### What to do
Only lines, not pictures: please repeat exactly the lines from the one with "Αστεριάδου Αναστασία. Ακόμα, (και" through the end of the listing.

### The data
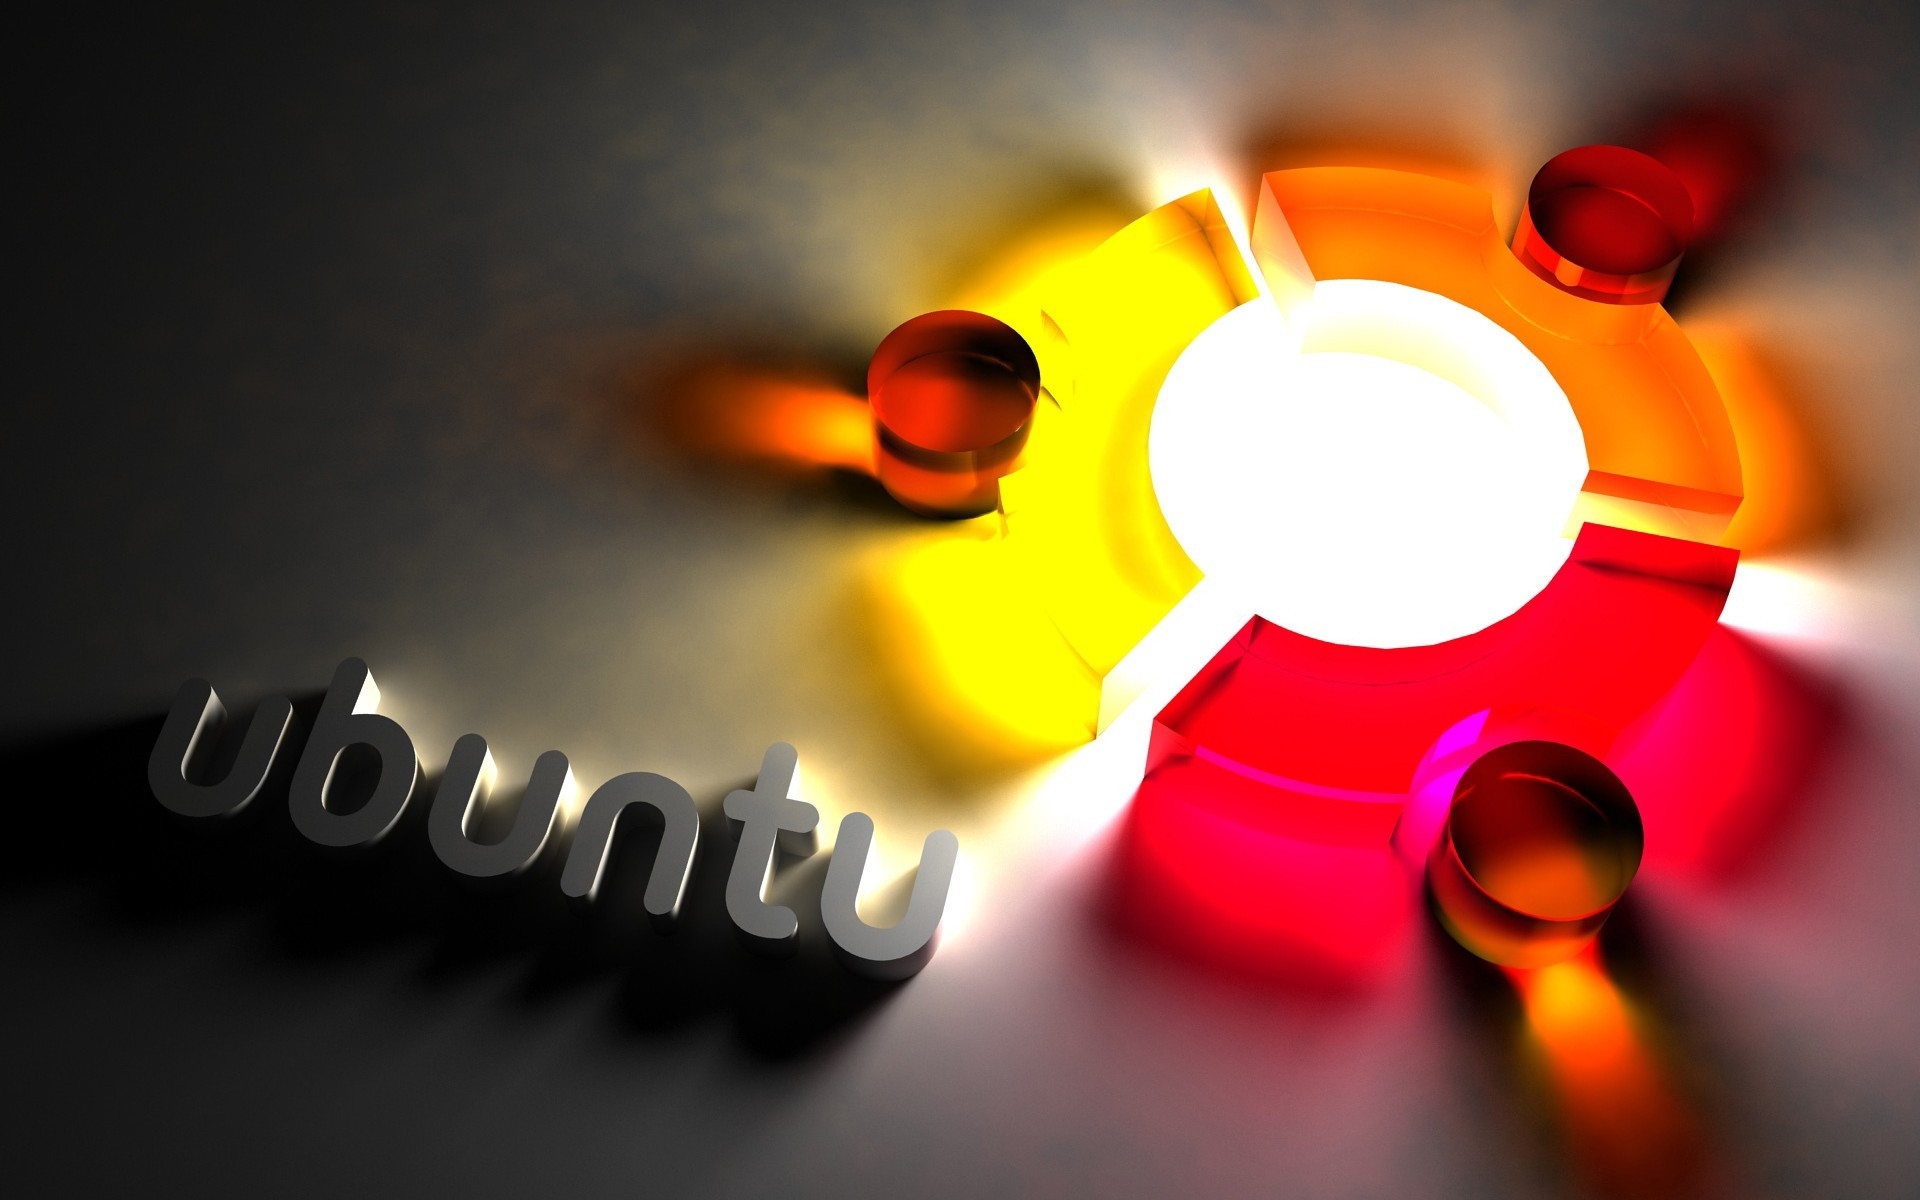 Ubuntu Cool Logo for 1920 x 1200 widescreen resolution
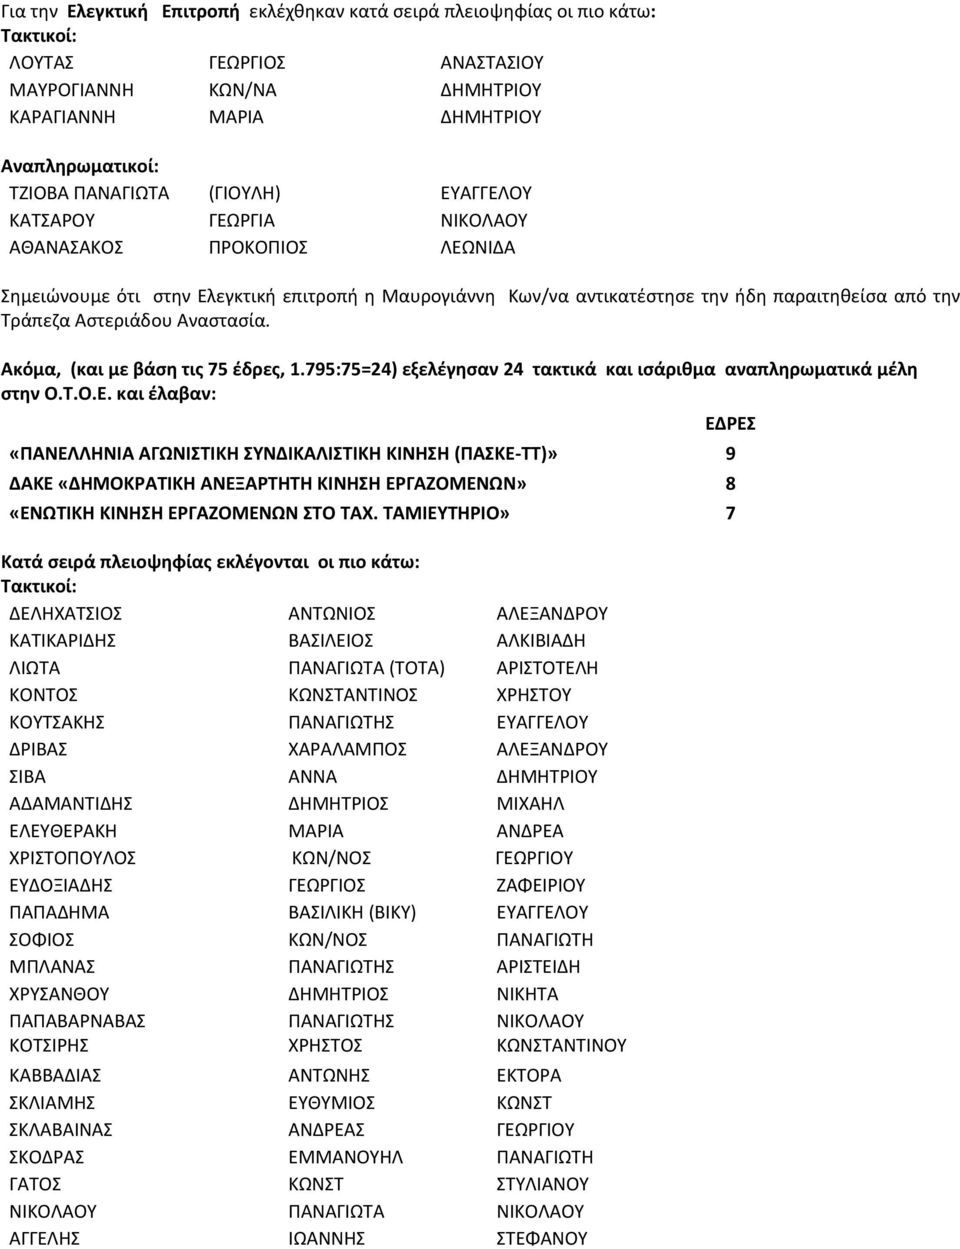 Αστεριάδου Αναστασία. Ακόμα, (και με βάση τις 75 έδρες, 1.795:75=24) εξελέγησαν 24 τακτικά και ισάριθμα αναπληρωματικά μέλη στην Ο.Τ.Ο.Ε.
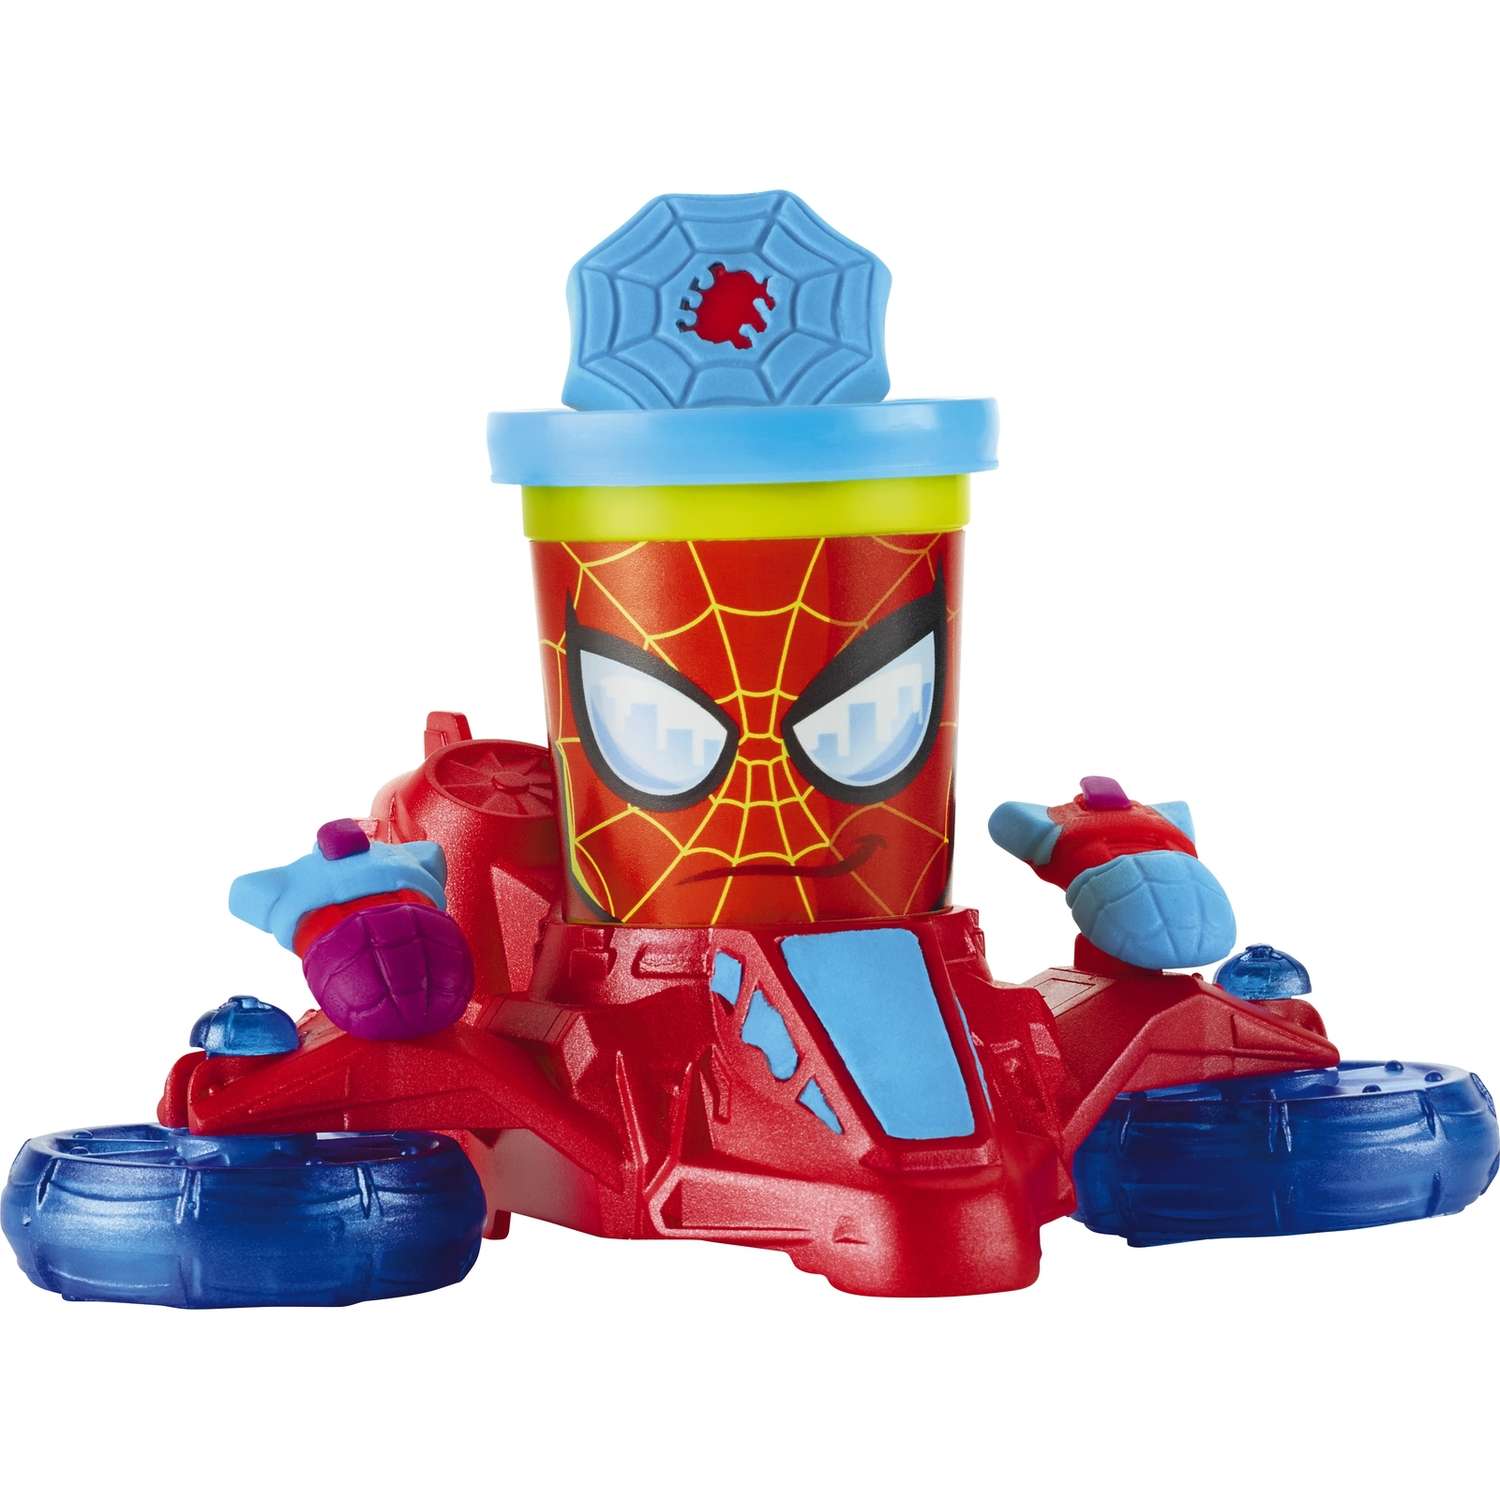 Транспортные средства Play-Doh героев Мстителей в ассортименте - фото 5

### Response area
 Αστεριάδου Αναστασία. Ακόμα, (και με βάση τις 75 έδρες, 1.795:75=24) εξελέγησαν 24 τακτικά και ισάριθμα αναπληρωματικά μέλη στην Ο.Τ.Ο.Ε.
 Транспортные средства Play-Doh героев Мстителей в ассортименте - фото 5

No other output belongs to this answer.